Question

In this sequence, the gaseous product Y is:
$C{H_3}CO{C_2}{H_5}\xrightarrow{{NaOH/{I_2}}}\mathop X\limits_{yellowppt.} \xrightarrow{{Ag}}{Y_{(g)}}$
A.Ethyne
B.Ethane
C.Ethene
D.Propane

Answer 1

Hint: The haloform reaction is a chemical reaction where a haloform is produced by the exhaustive halogenation of a methyl ketone in the presence of a base. The reaction can be used to transform acetyl groups into carboxyl groups or to produce chloroform, bromoform, or iodoform .

Complete step by step answer:
When Iodine and sodium hydroxide are added to a compound that contains either a methyl ketone or a secondary alcohol with a methyl group in the alpha position, a pale yellow precipitate of iodoform or triiodomethane is formed.

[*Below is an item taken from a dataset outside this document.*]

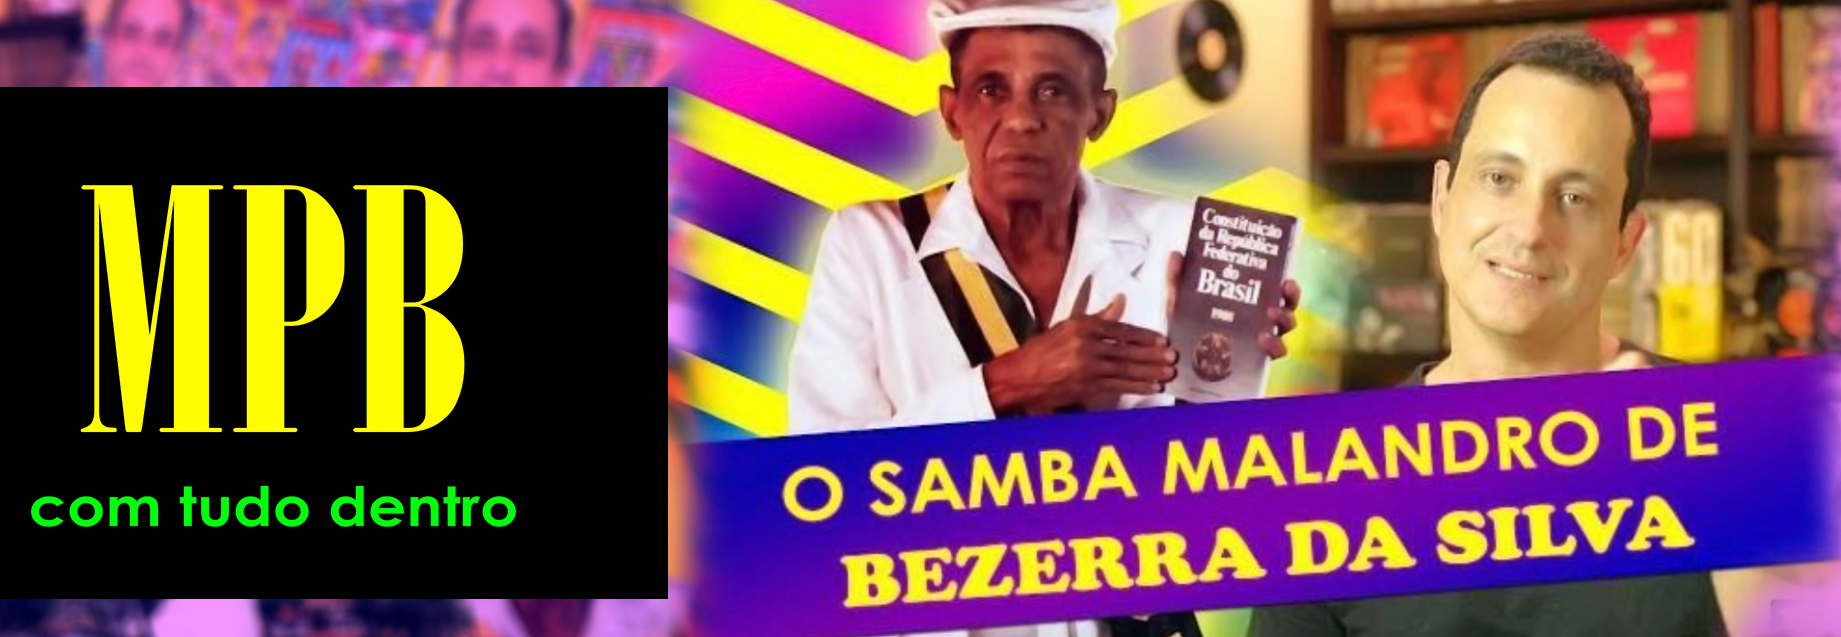 O SAMBA MALANDRO DE BEZERRA DA SILVA

It can be used to identify aldehydes or ketones. If an aldehyde gives a positive iodoform test, then it must be acetaldehyde.
$C{H_3}CO{C_2}{H_5}\xrightarrow{{NaOH/{I_2}}}C{H_3}CO{O^ - } + \mathop {CH{I_3}}\limits_{yellowppt.} $
So, X is $CH{I_3}$
Iodoform reacts with$Ag$ to form ACETYLENE gas.2 mole of iodoform reacts with 6 mole of Ag powder and forms 1 mole of acetylene gas and 6 mole of silver iodide.
$2CH{I_3} + 6Ag\xrightarrow{\Delta }{C_2}{H_2} + 6AgI$
Hence Y is${C_2}{H_2}$.
Hence the correct option is (A).

Note:
Acetylene (systematic name: ethyne) is the chemical compound with the formula ${C_2}{H_2}$ .It is a hydrocarbon and the simplest alkyne. This colorless gas is widely used as a fuel and a chemical building block. It is unstable in its pure form and thus is usually handled as a solution. As an alkyne, acetylene is unsaturated because its two carbon atoms are bonded together in a triple bond. The carbon–carbon triple bond places all four atoms in the same straight line.